The study traced the flow of evidence about urbanisation and urban development. The focus was on three rapidly urbanizing East African countries and three particular themes of urban policy: multi-level governance, industrial strategy and informality. Understanding evidentiary flows offers insights into why certain modes of urban development prevail while others struggle to gain traction, regardless of their intrinsic merit.
Figure 1 highlights the predominant flows (and no-flows) of urban policy evidence between actors at different scales in the three countries.
Given that national governments and SOEs retain a significant role in urban development in the three East African countries, the generally low levels of evidence sharing between urban researchers at universities and national ministries and SOEs, is remarkable. “Triple helix” notions of innovation draw on collaborations between tertiary education centres, government and business but such collaborations rest on the sharing of evidence (Pieterse, 2014; Saad et al., 2008; Singh et al., 2021). This study detected a dearth of the type of evidence and evidence sharing that might drive the type of urban development that builds on existing enterprises and lived realities, not to mention the ability to pay for infrastructure and services.
Urban development, especially if it is to be linked to industrial strategies and regional value chains, relies on evidence and evidence sharing across the region. In this sense, the African Union’s very low level of evidence generation or sharing when it comes to urban policy is conspicuous, and the void of evidence emerging from the East African Community (EAC) is problematic. The AU’s 2024 Africa Urban Forum should be seen as an effort to reform this, but the planning process for the inaugural Urban Forum revealed the AU’s limited capacity to generate and systematically cohere the evidence that regional industrialisation and development requires, in the manner of economic unions elsewhere in the world.
A growing flow of urban policy evidence between international consultancies, multilateral development agencies and national governments was clear from this research. This evidence is tailored to the views and priorities of Presidencies and Finance Ministries, with a bias towards the quantitative and financial information required for mega-infrastructure projects are commodity extraction. The sharing of evidence between NGOs working at the local level, donor agencies and academic institutions takes place in parallel to the evidence flows informing national ministries.
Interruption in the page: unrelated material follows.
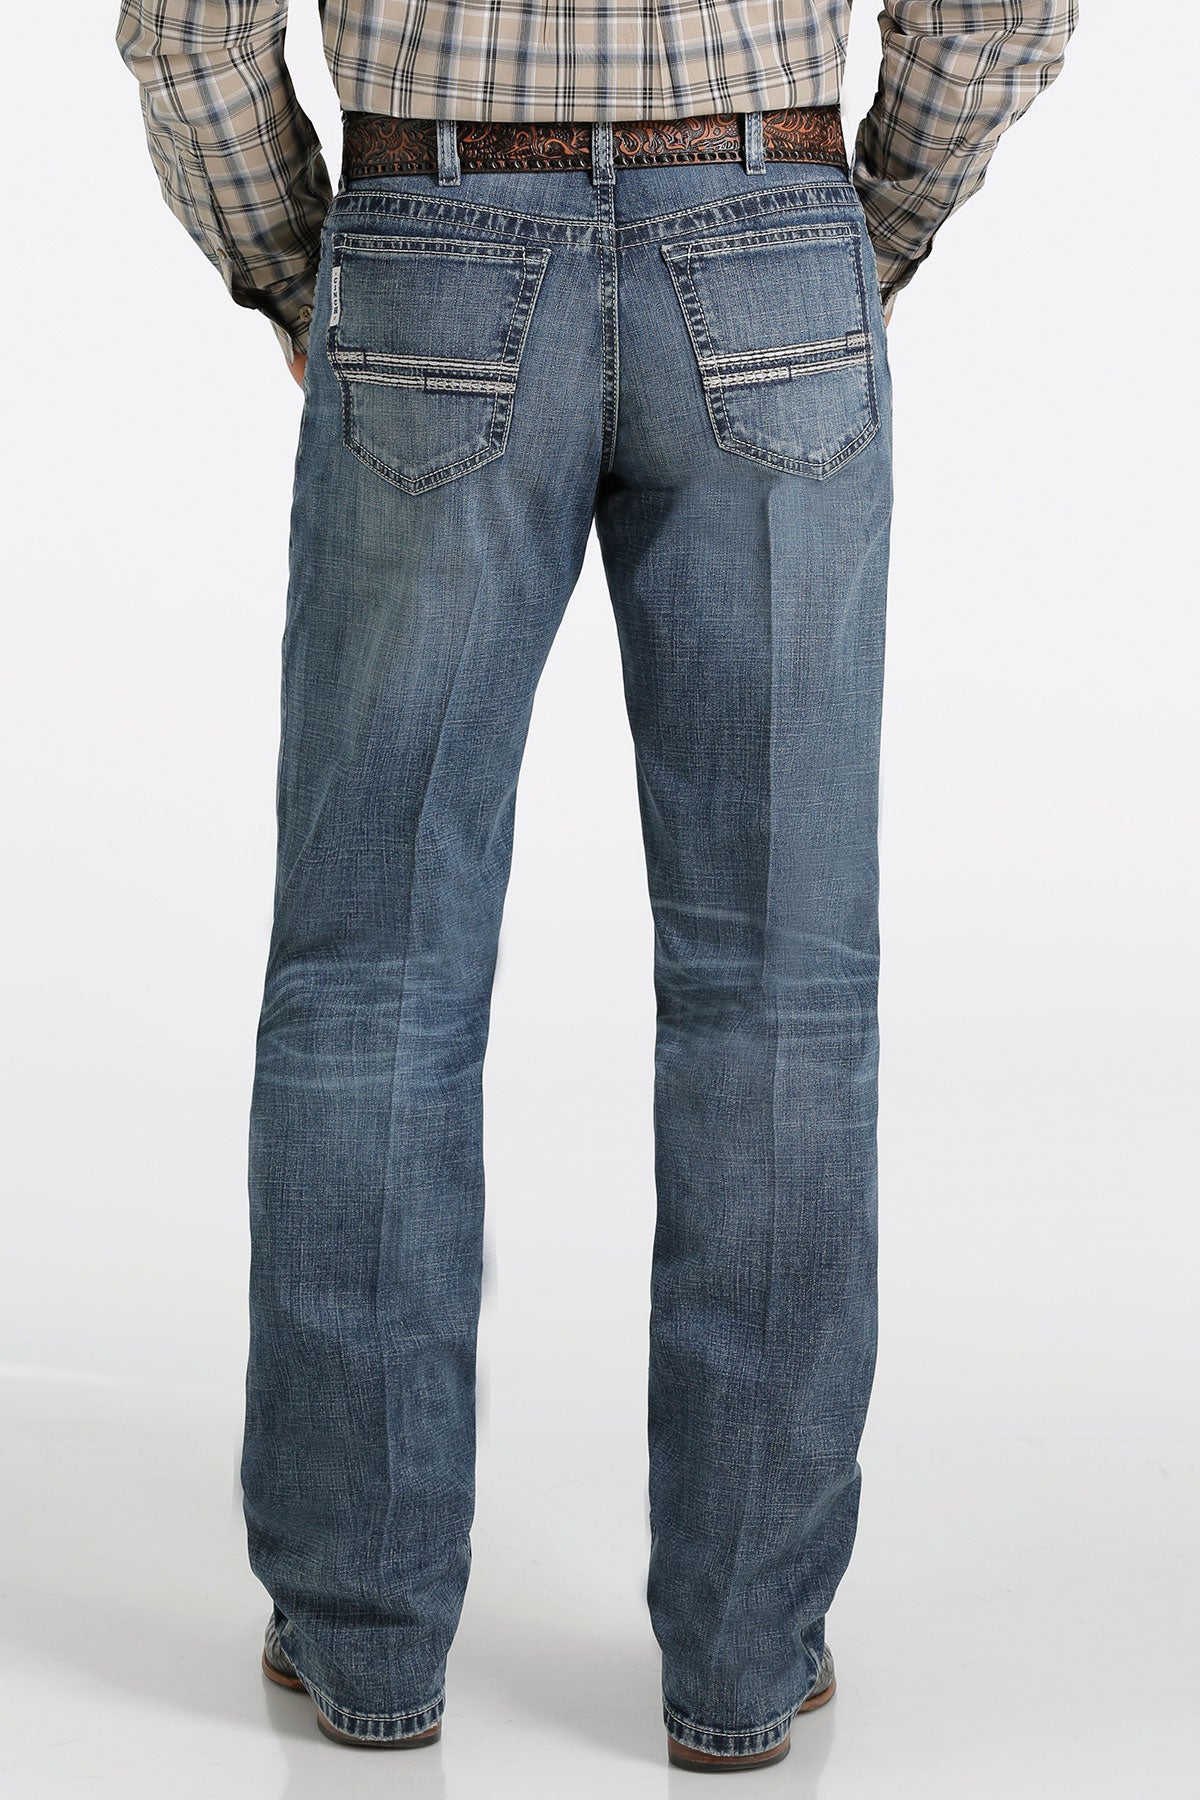 Men's White Label Jeans-4045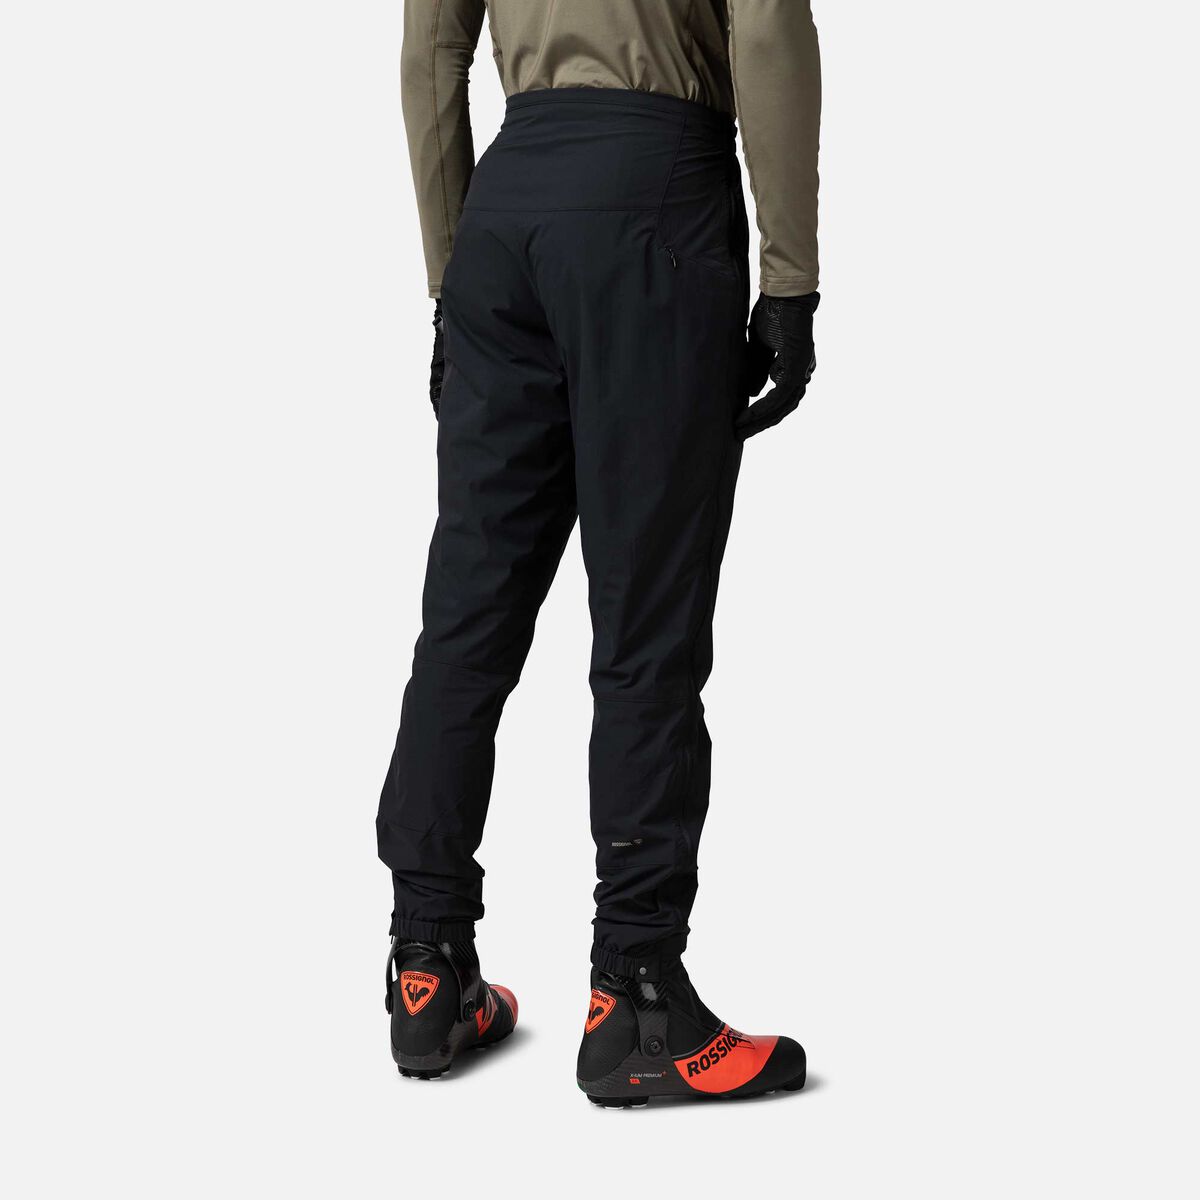 Men's Active Versatile XC Ski Pants

While some of the evidence on informality finds its way into the policy briefs of international organisations such as SDI and UN-Habitat, it has proven difficult to assimilate the types of evidence from towns and cities themselves into policy, or from NGOs, academics and donor-funded research programmes working on informality into the national urban policies being advanced by presidencies and finance ministries.
Self-evidently, the evidence that is used in urban policy is determined by the type of evidence familiar to the entities responsible for urban development. Despite policies to the contrary, urban development in Tanzania remains centralised and the evidence informing urban development is tailored to the needs of Tanzania’s national entities – it tends it be highly quantitative, aggregated evidence focused on large scale infrastructure. Ethiopia’s urban governance is both more complex and decentralised than Tanzania’s, and Kenya has had a more devolved and decentralised urban development framework than either Tanzania or Ethiopia since 2010. Nonetheless, recent developments in Addis Ababa have been driven by the Federal Government and based on the same types of evidence as those applied in Tanzania – with very similar outcomes. In Kenya, despite one of the most vibrant NGO sectors on the continent, investment flows into towns and cities are shaped by the same evidentiary biases and disconnects as Ethiopia and Tanzania. This observation provides insight into the support for Bus Rapid Transit systems, the construction of SEZs and the demarcation of new towns, rather than the more complex hyper-local task of upgrading existing taxi operations, informal settlement upgrading, and creating the urban networks of energy, transport and water infrastructure that would enable manufacturing.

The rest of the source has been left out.